= YOUR OBJECTIVE =
Go through the lines below and repeat each one exactly, skipping pictures.

#### GIVEN DATA

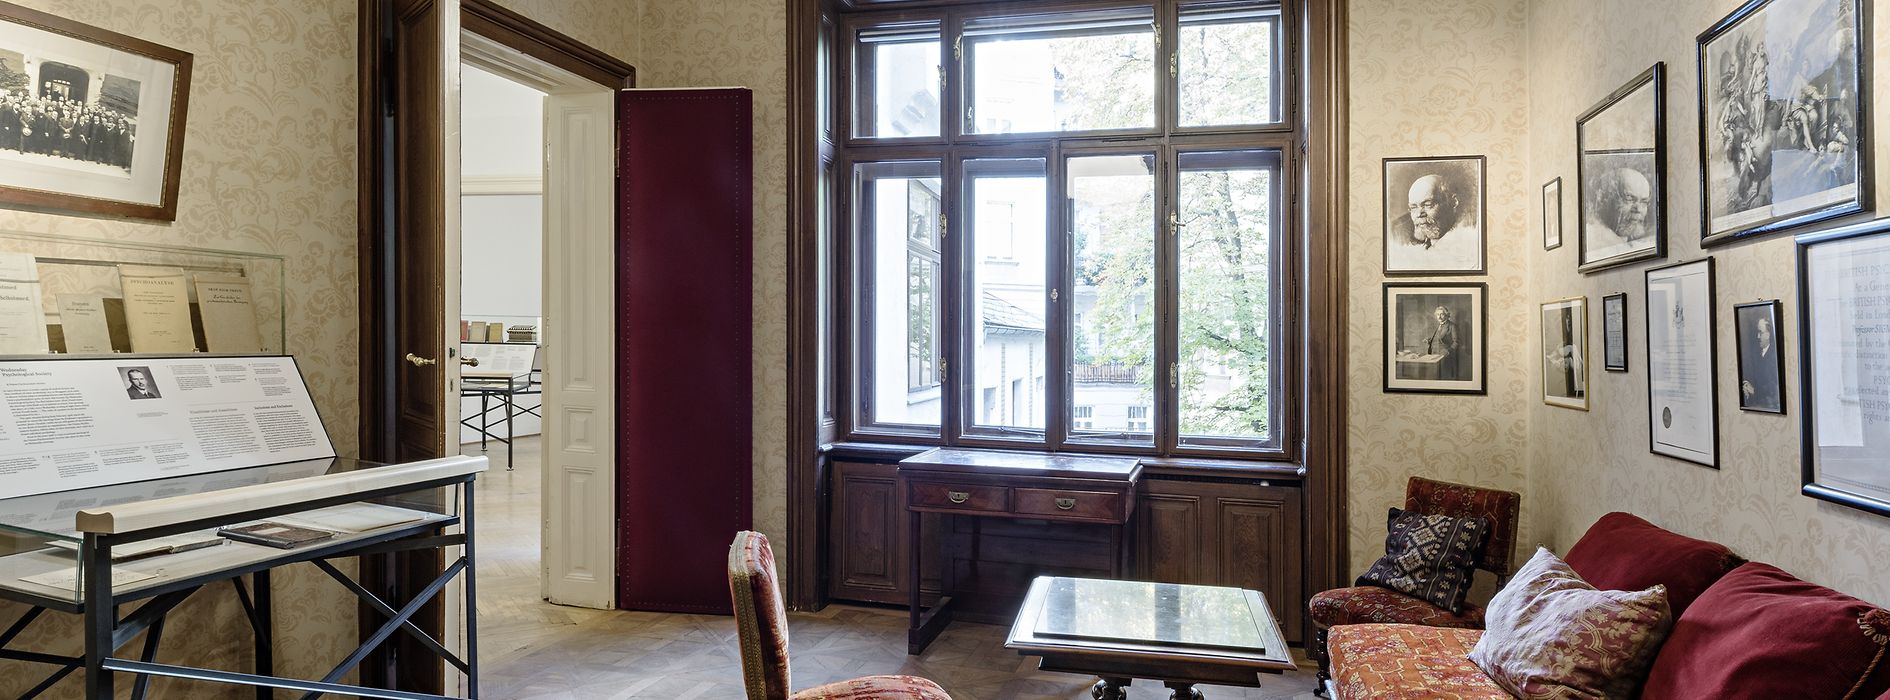 Sala de aşteptare cu mobilierul original în Muzeul Sigmund Freud 
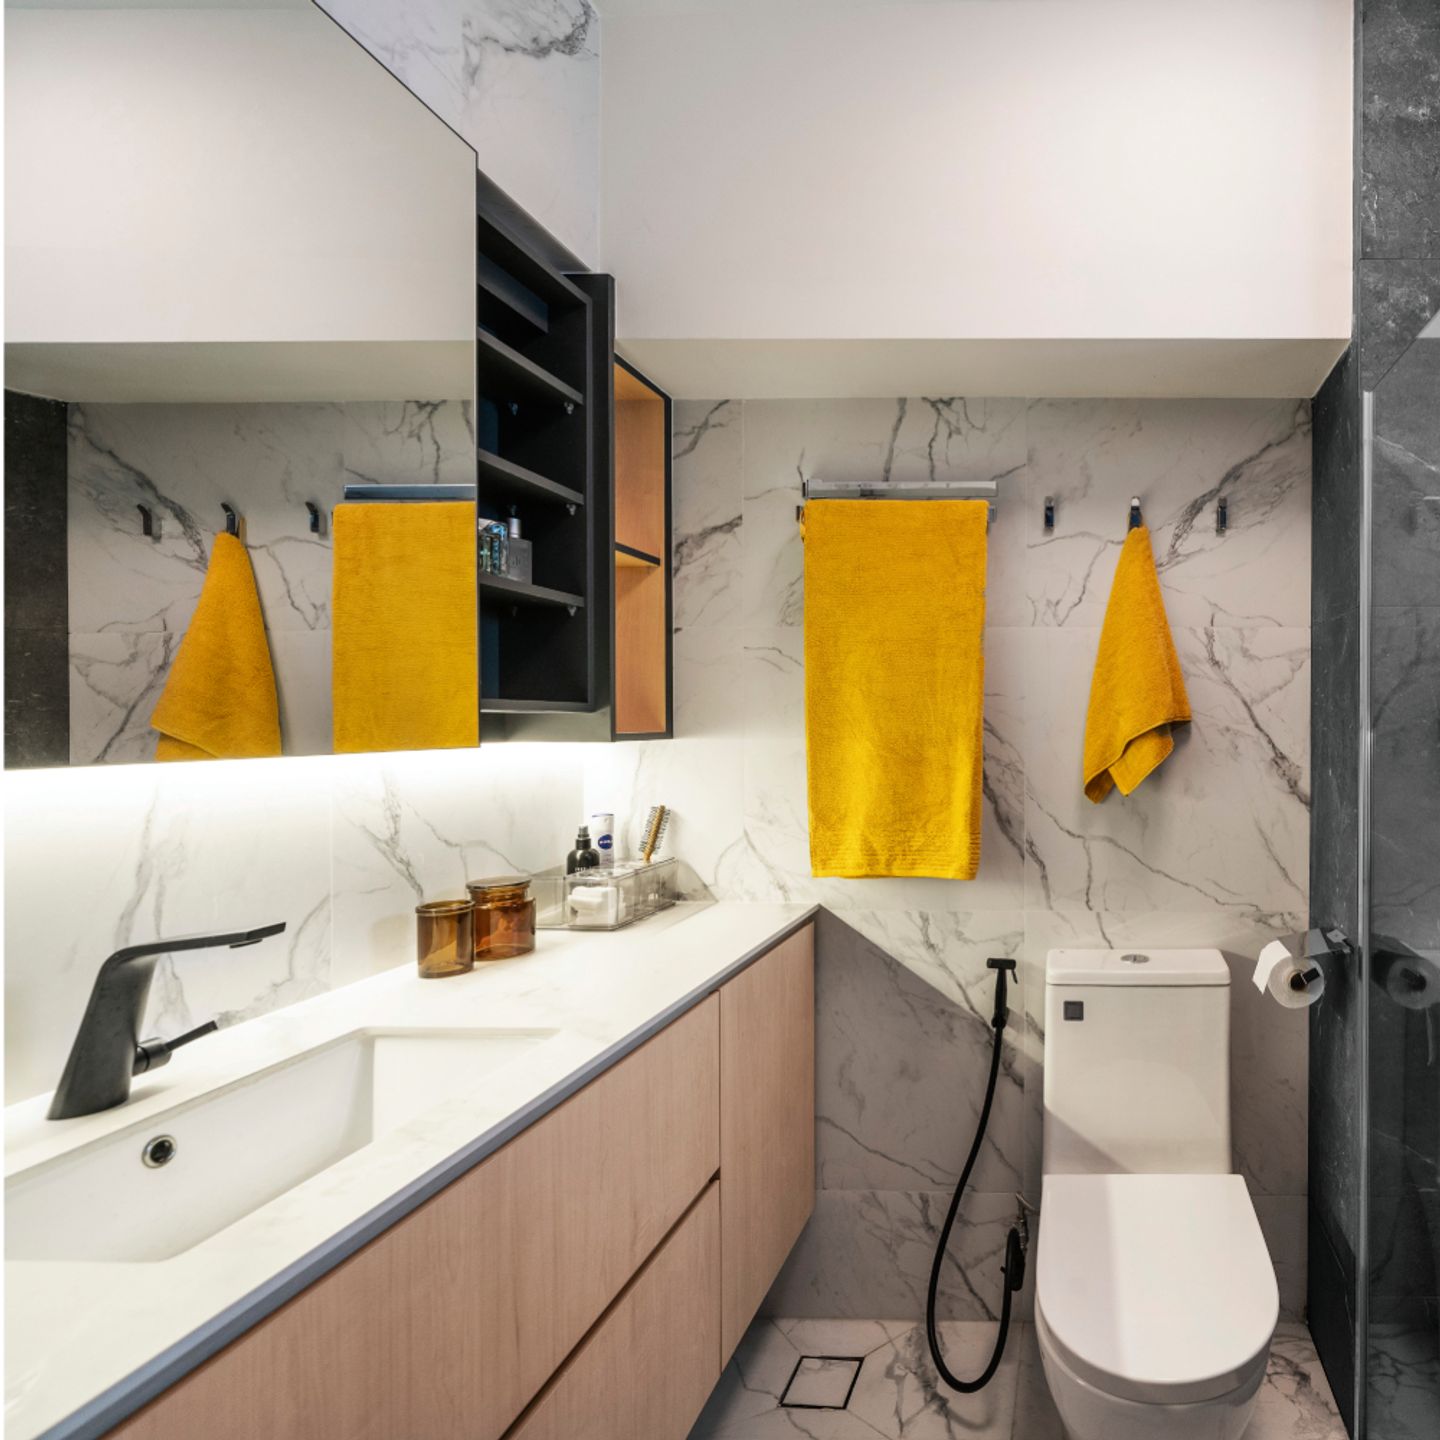 Marble Bathroom Design With Maximum Storage - Livspace
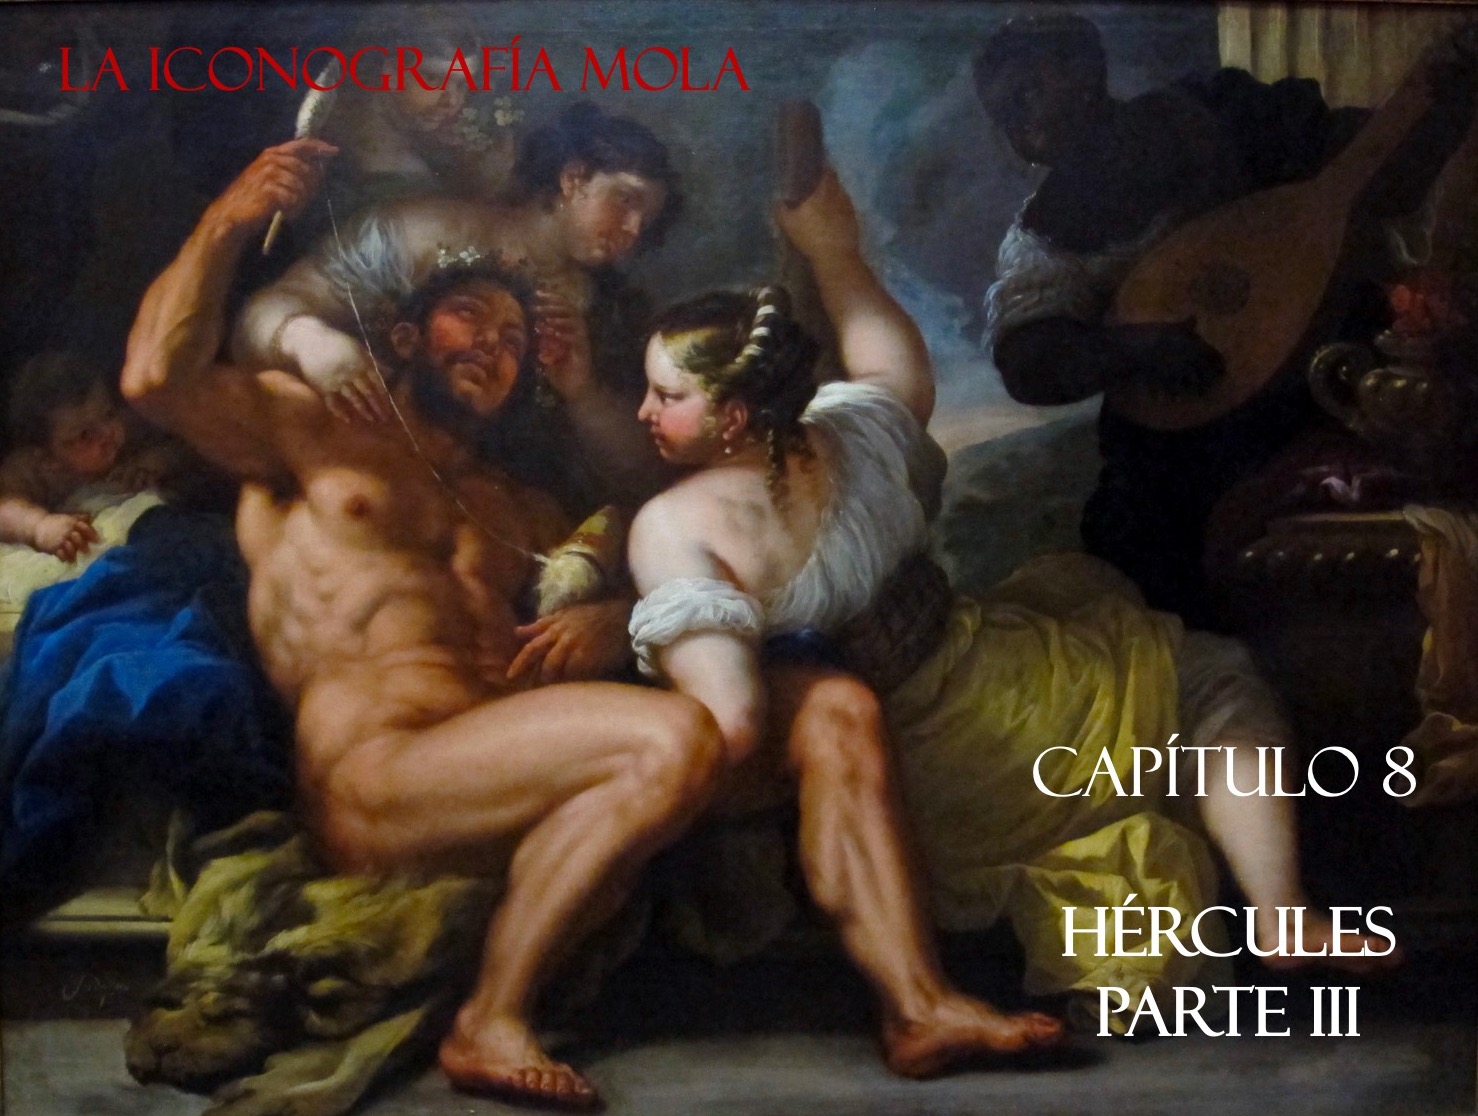 La Iconografía Mola- Cap. 8: “Hércules” Parte III

########

= RESULT =
 Sala de aşteptare cu mobilierul original în Muzeul Sigmund Freud 
 Marble Bathroom Design With Maximum Storage - Livspace
 La Iconografía Mola- Cap. 8: “Hércules” Parte III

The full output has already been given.